** Dataset extract follows **
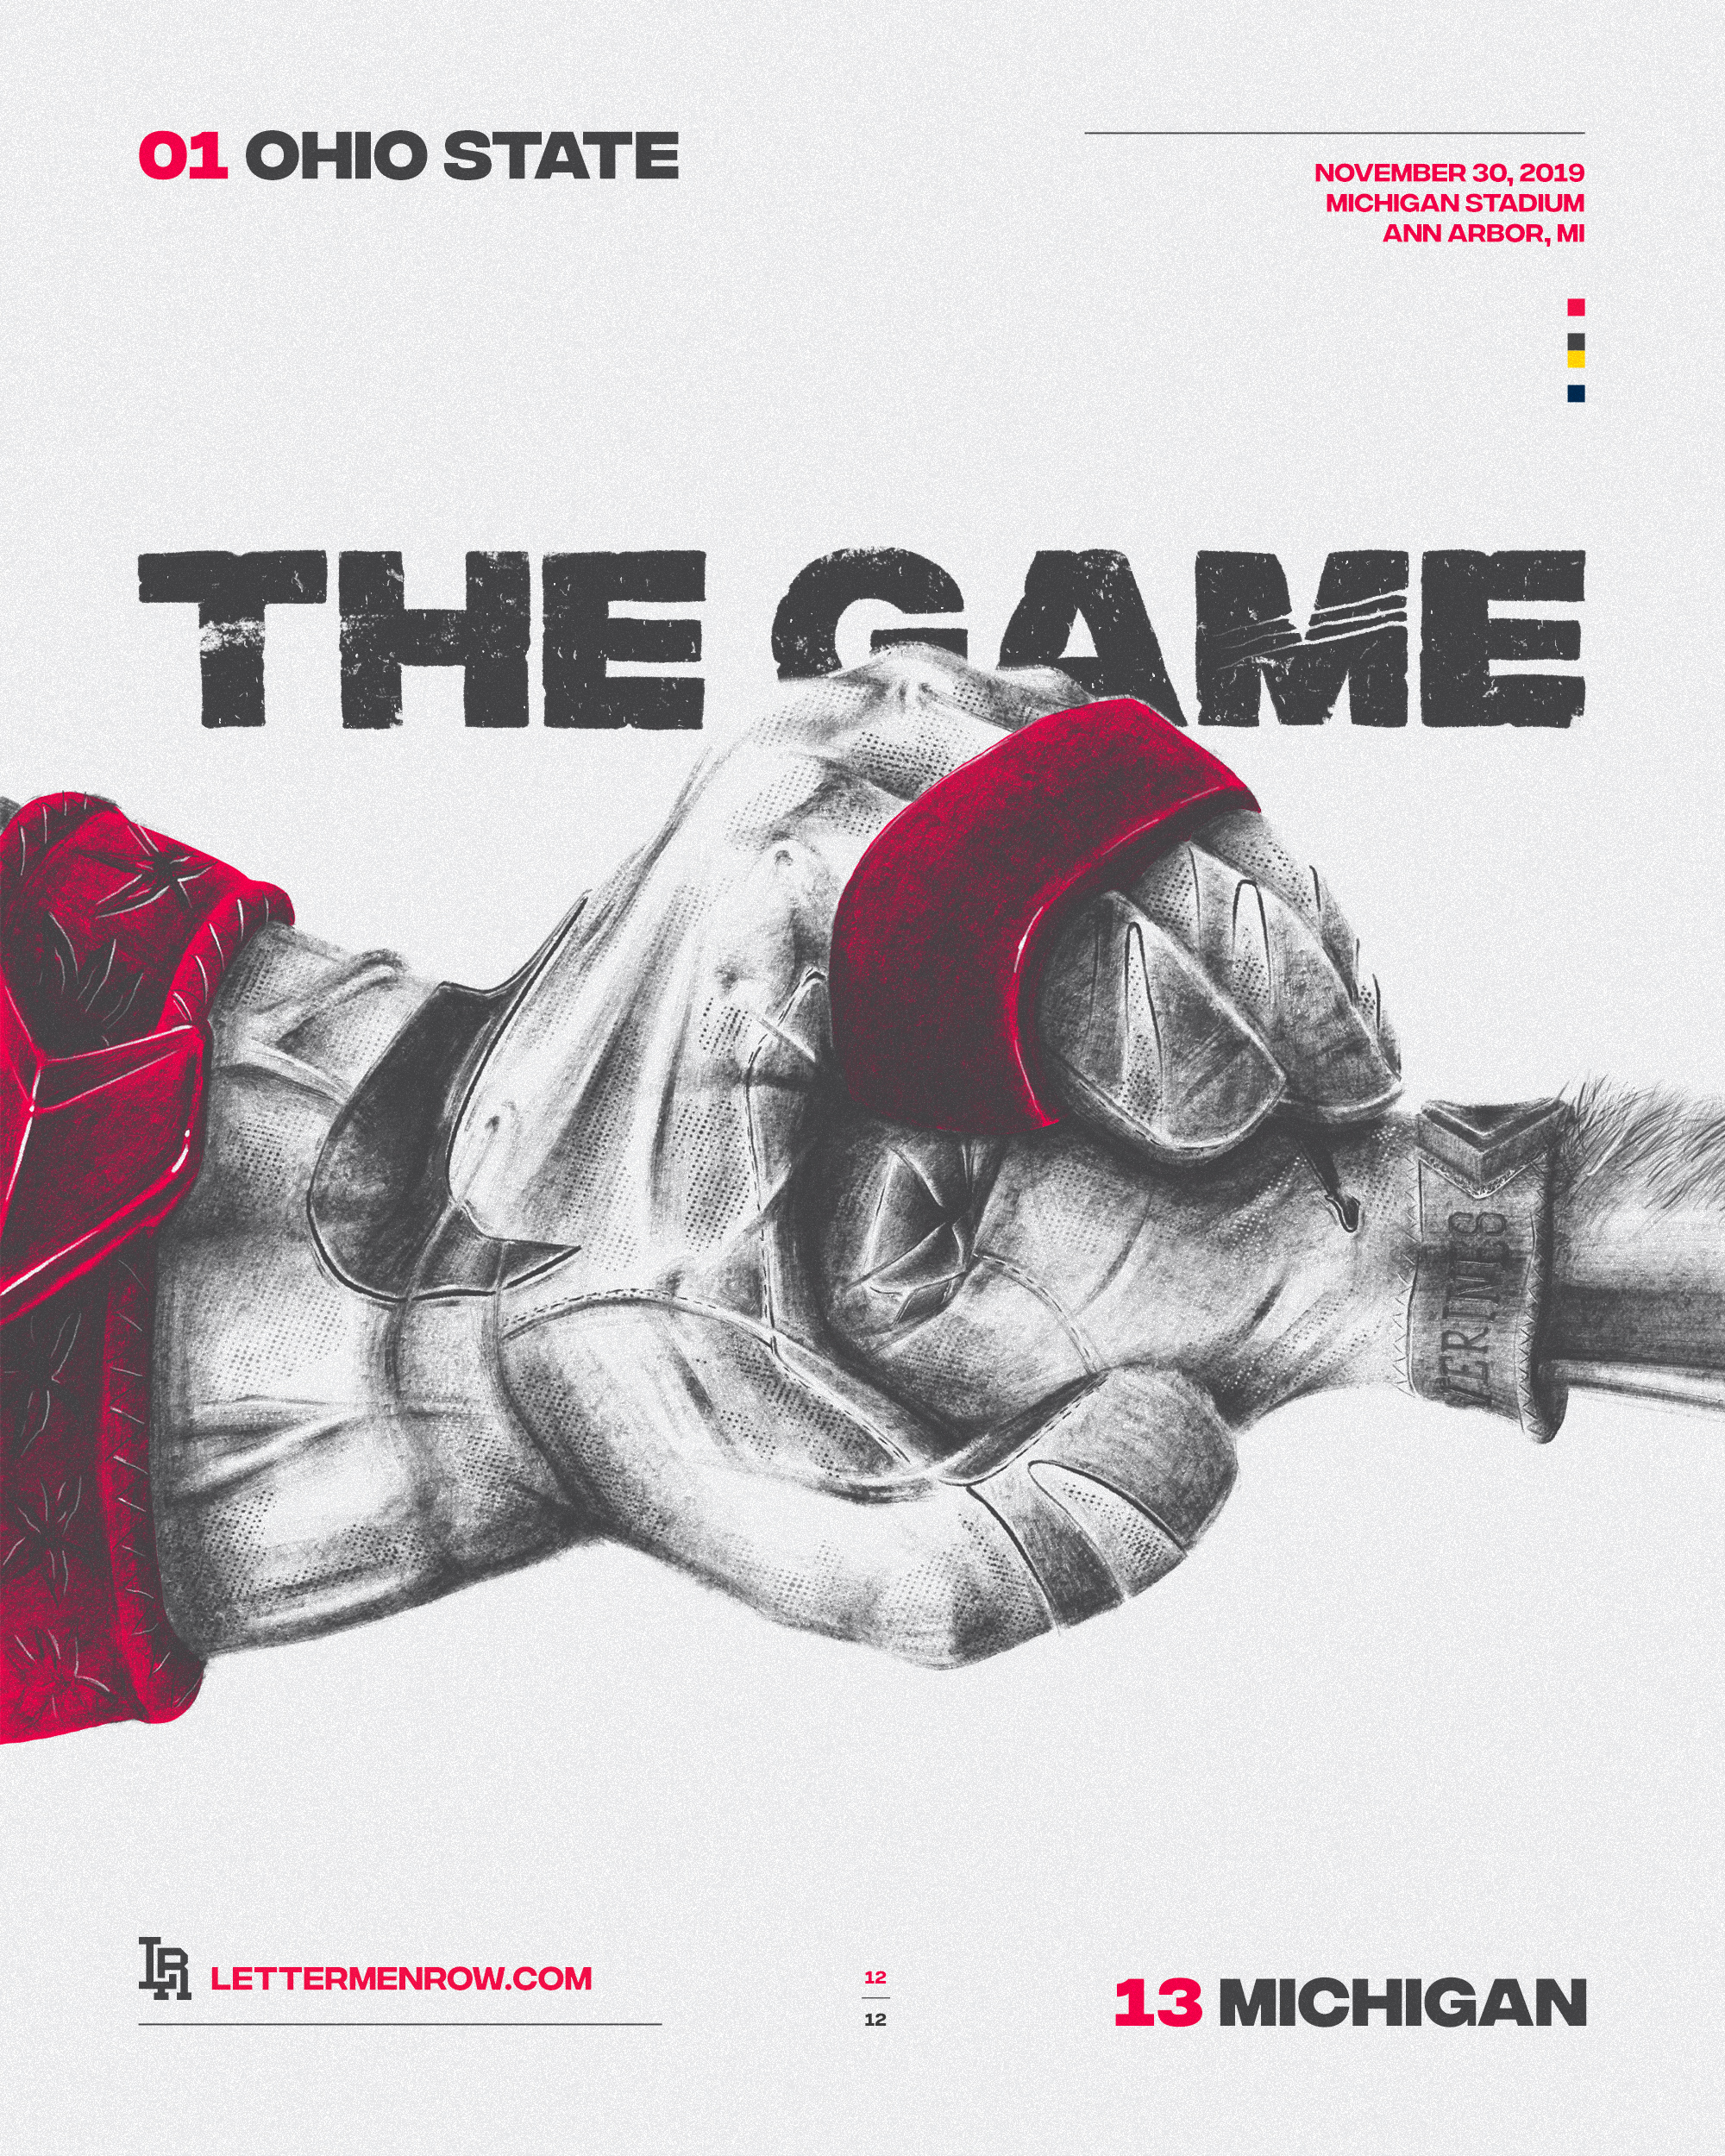 Ohio State-Ohio State football-buckeyes-game poster
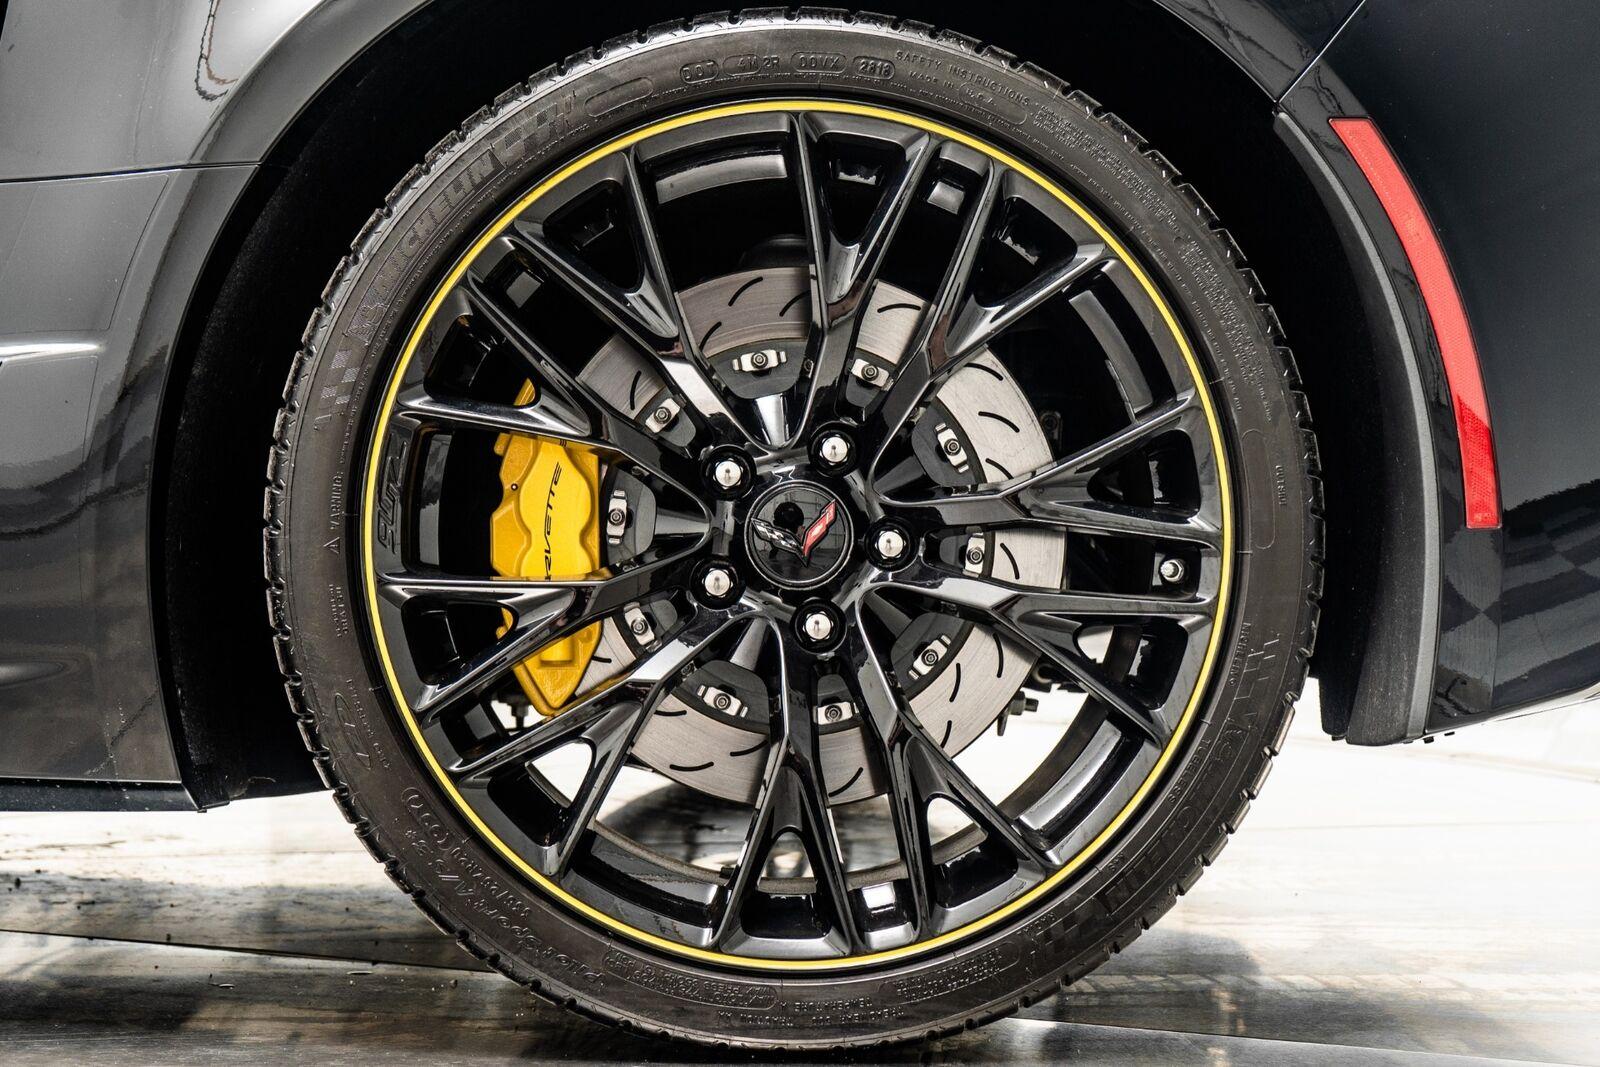 2018 Black Chevrolet Corvette Z06 3LZ   C7 Corvette Photo 10
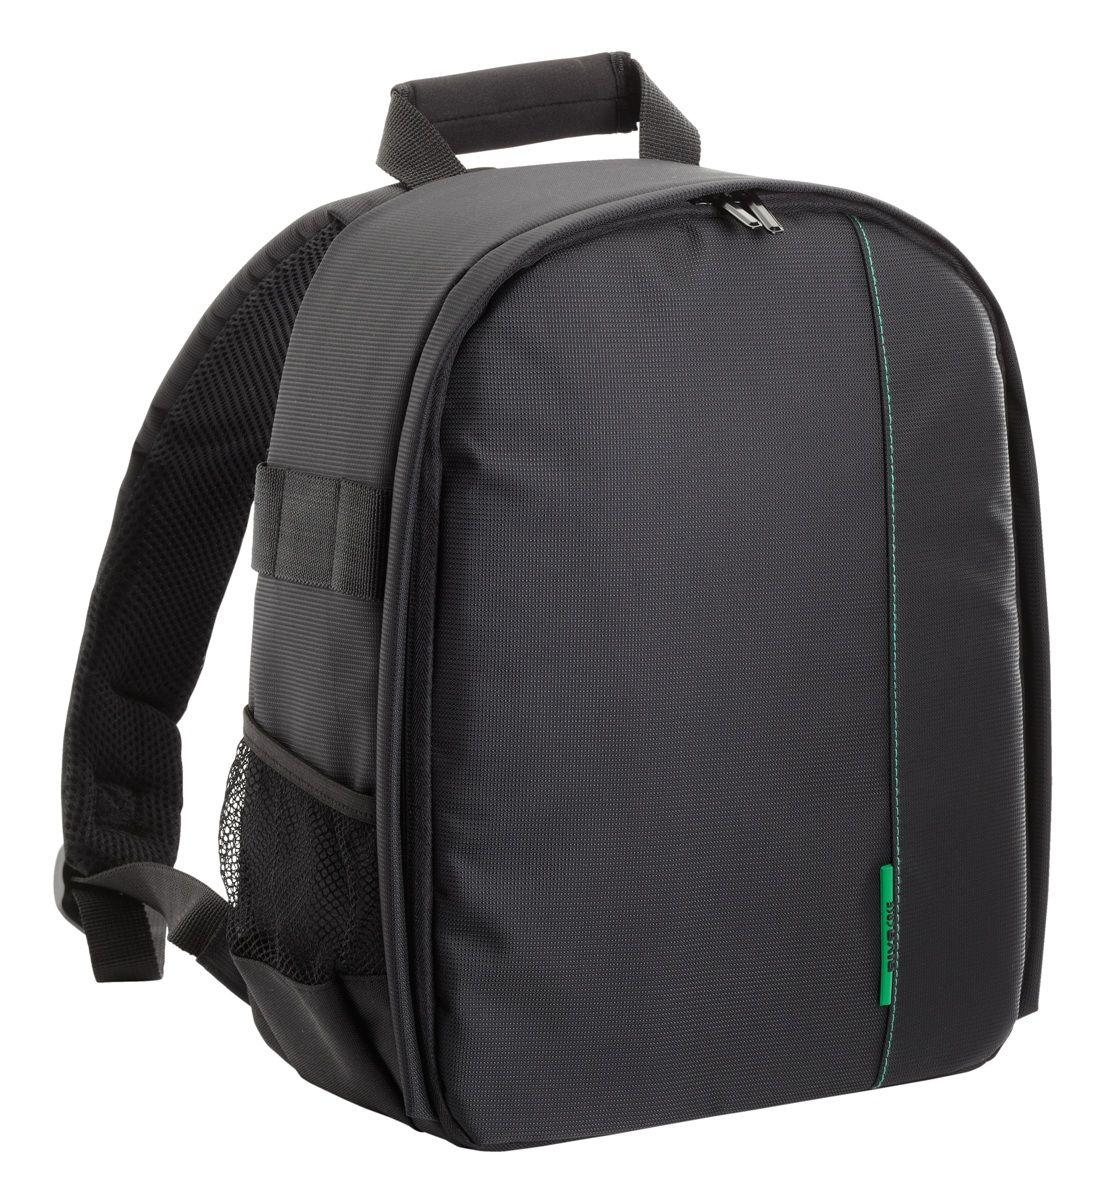 RIVACASE Riva 7460 SLR Backpack, Black рюкзак для зеркальной фотокамеры 6469
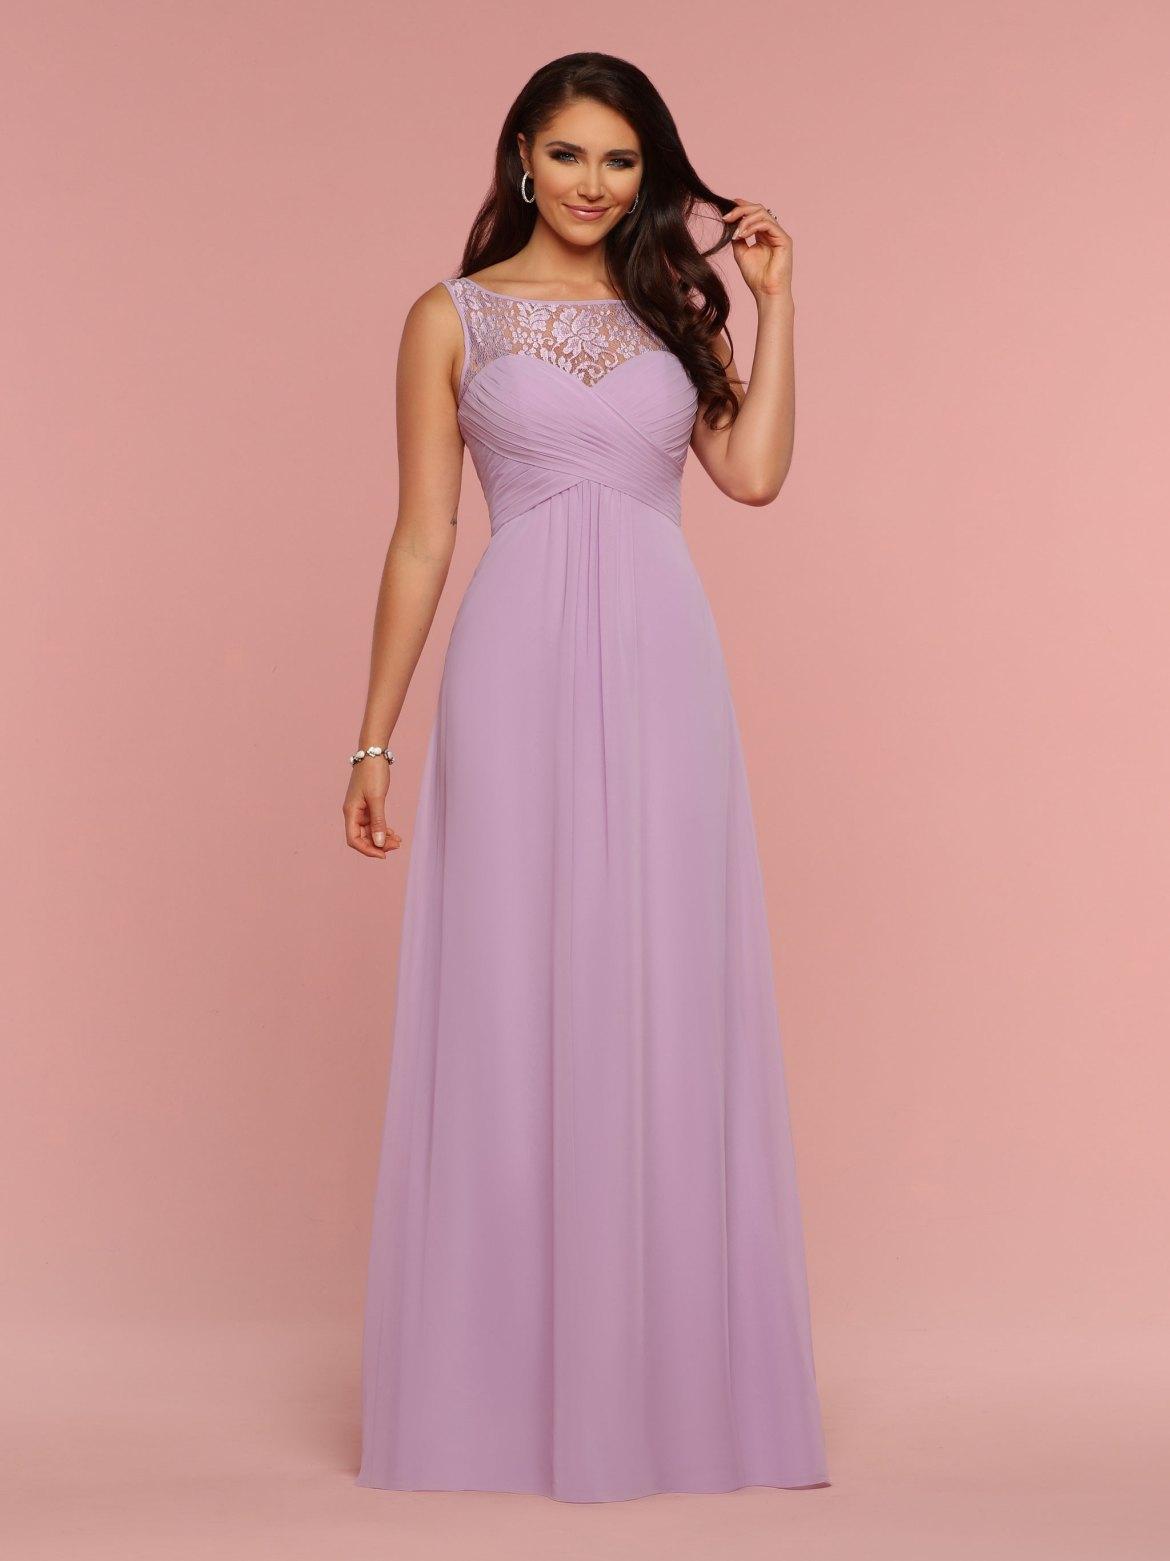 DaVinci Bridesmaids Style #60332 - Front View
** End of Dataset extract **
_Exercise description_
With the pictures removed, set down the entire listing exactly.

_Solution to this problem_
 Ohio State-Ohio State football-buckeyes-game poster
 2018 Black Chevrolet Corvette Z06 3LZ   C7 Corvette Photo 10
 RIVACASE Riva 7460 SLR Backpack, Black рюкзак для зеркальной фотокамеры 6469
 DaVinci Bridesmaids Style #60332 - Front View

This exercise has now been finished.